Information shown:

• • •

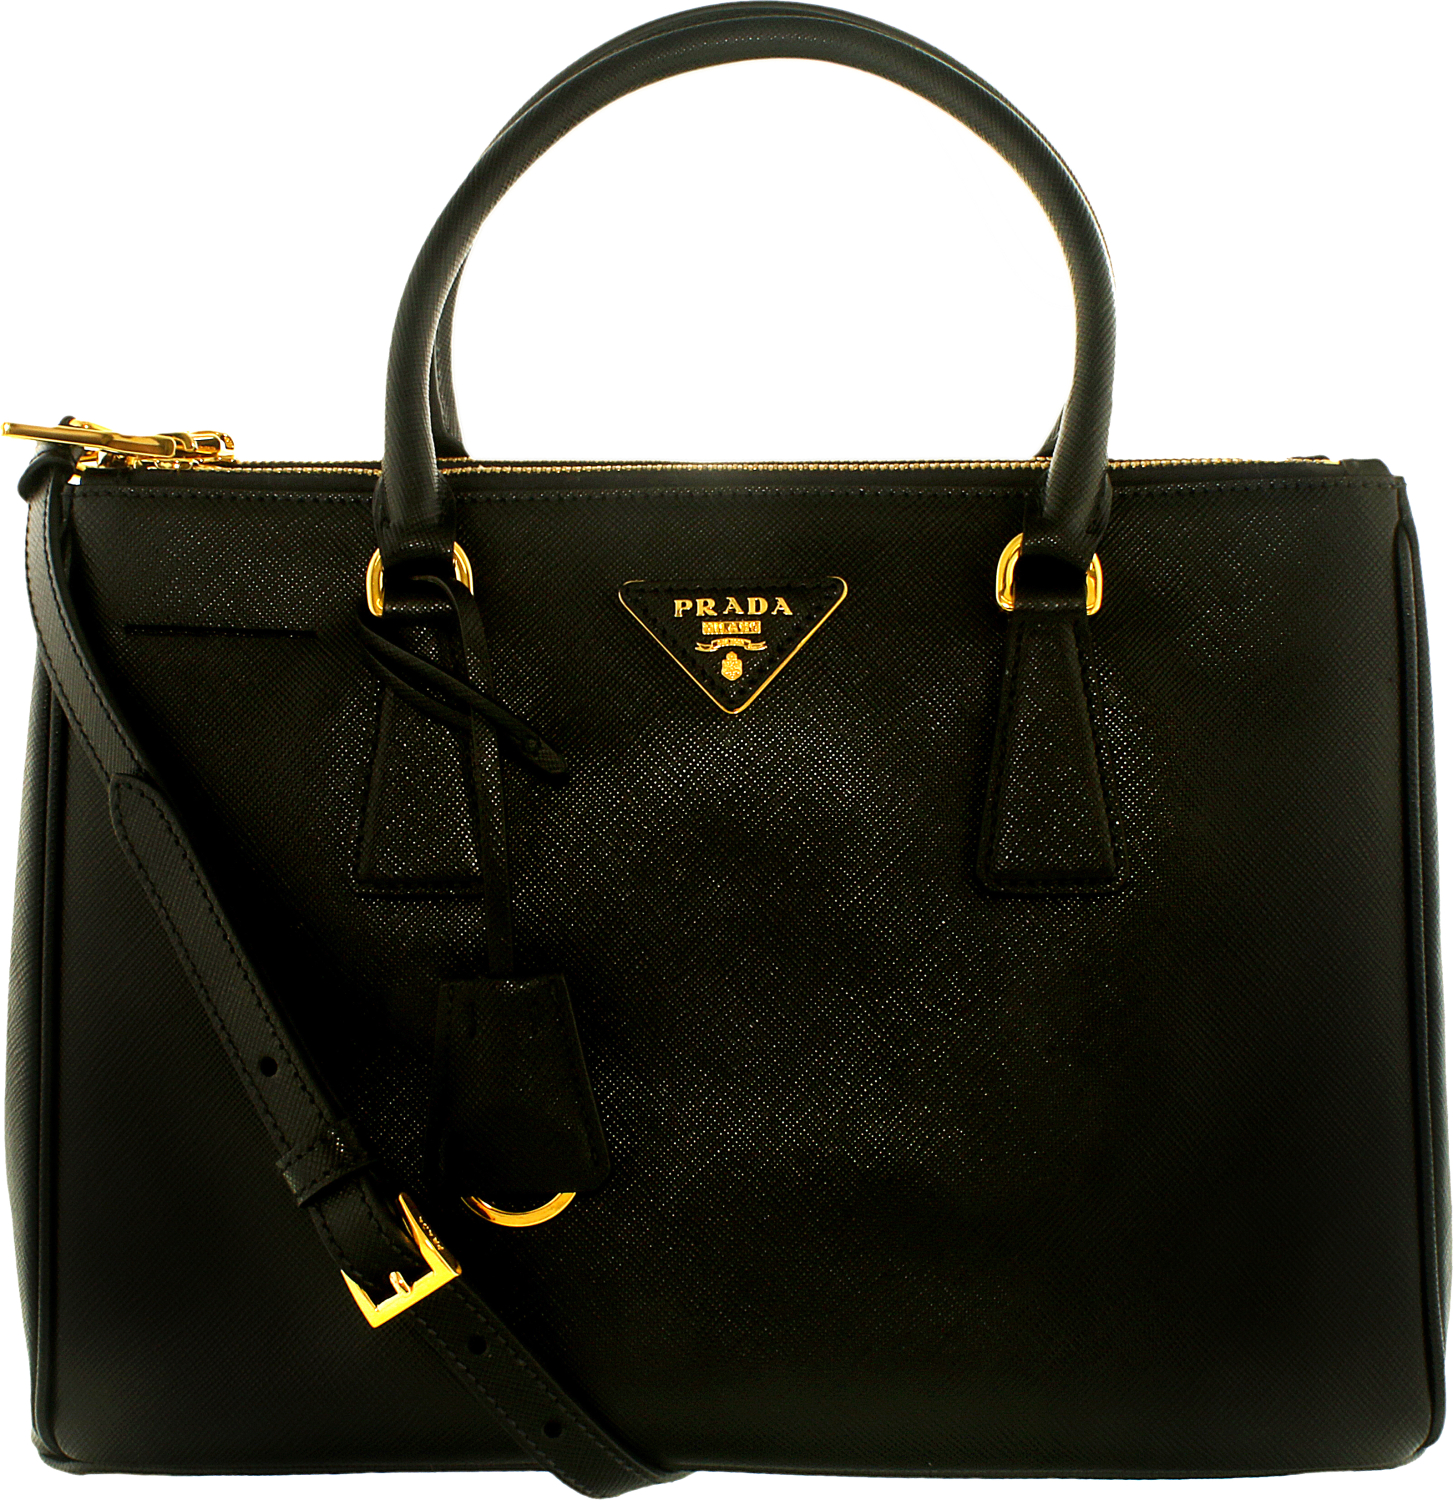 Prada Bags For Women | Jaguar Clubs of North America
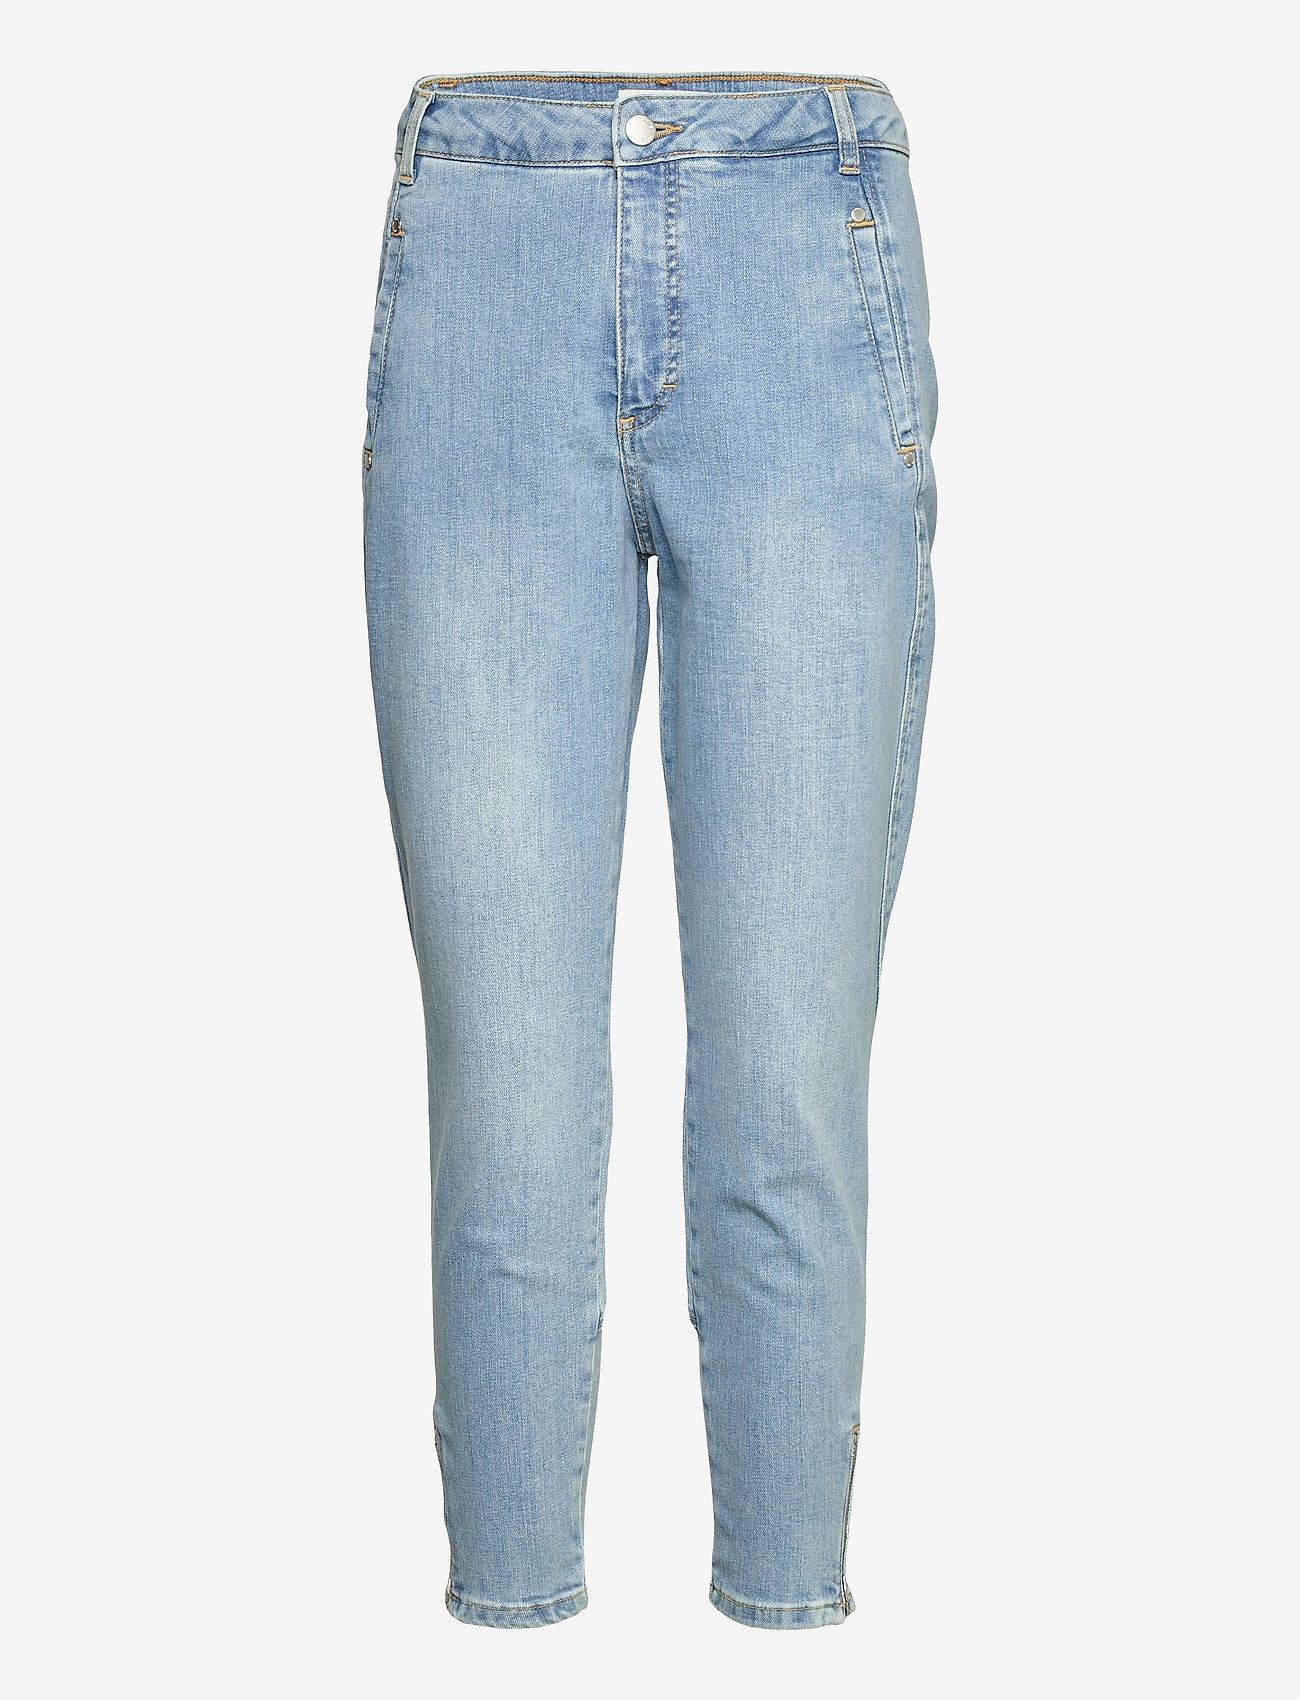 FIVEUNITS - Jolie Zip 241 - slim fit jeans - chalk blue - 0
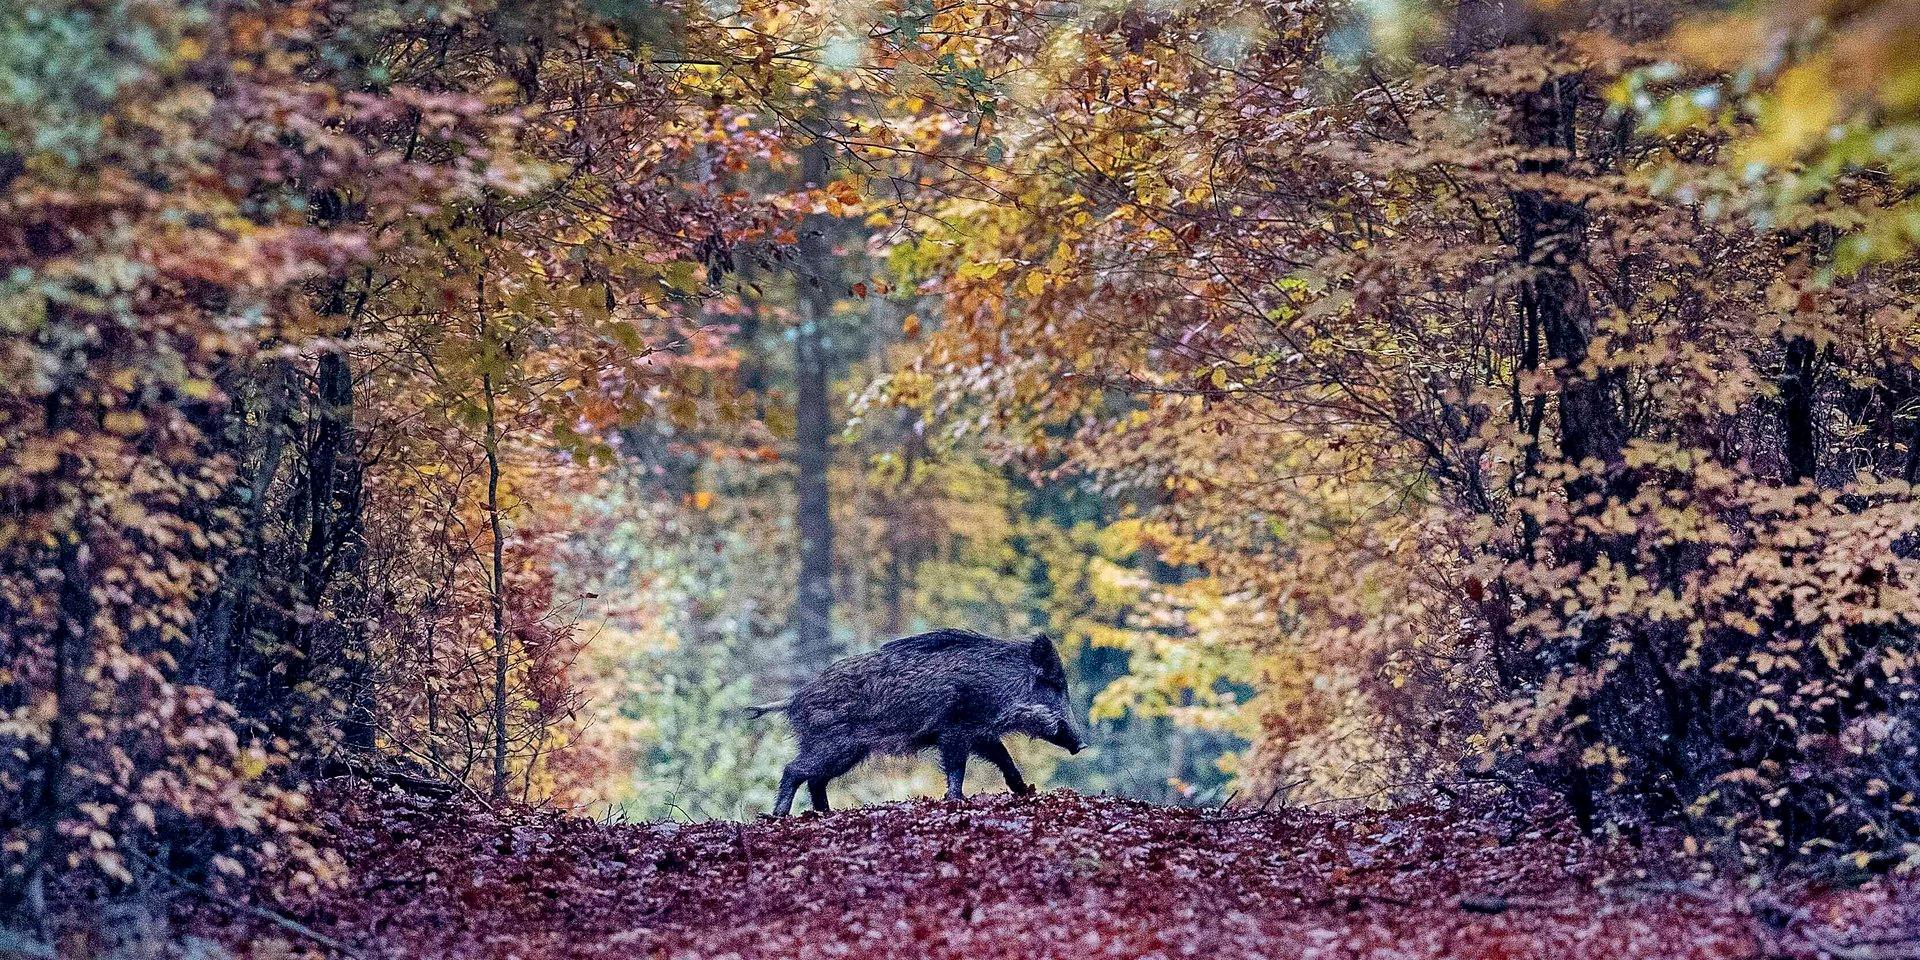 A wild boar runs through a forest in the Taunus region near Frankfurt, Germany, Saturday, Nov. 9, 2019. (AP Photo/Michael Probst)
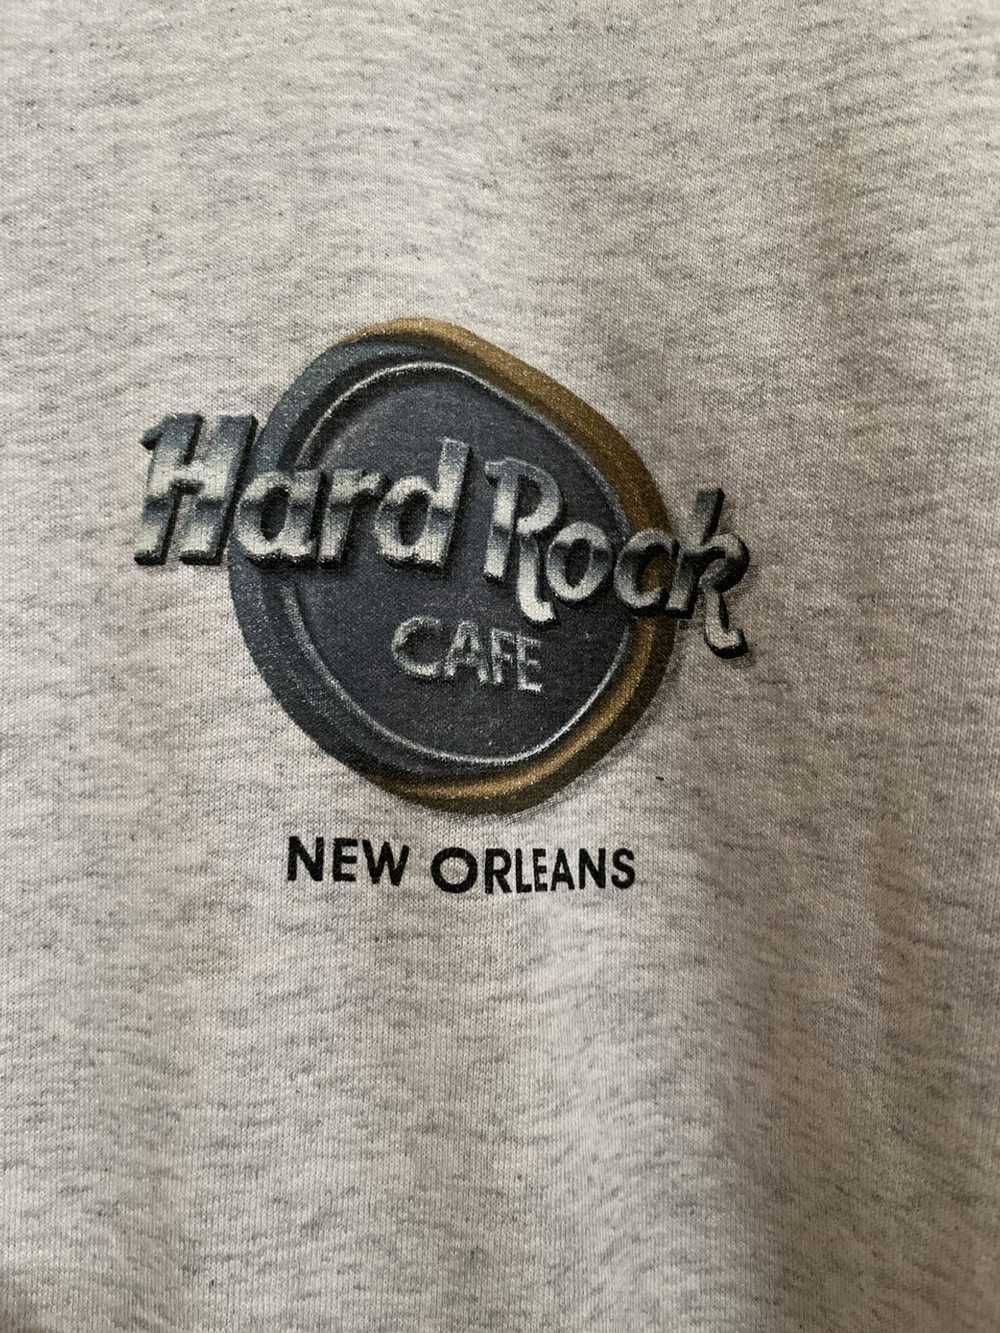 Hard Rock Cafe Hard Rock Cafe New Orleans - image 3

• • •

What to produce: Print exactly, and only, the lines from the line containing "A wild boar" to the last line of the material above, with every picture left out.

Answer to this task:
 A wild boar runs through a forest in the Taunus region near Frankfurt, Germany, Saturday, Nov. 9, 2019. (AP Photo/Michael Probst)
 Hard Rock Cafe Hard Rock Cafe New Orleans - image 3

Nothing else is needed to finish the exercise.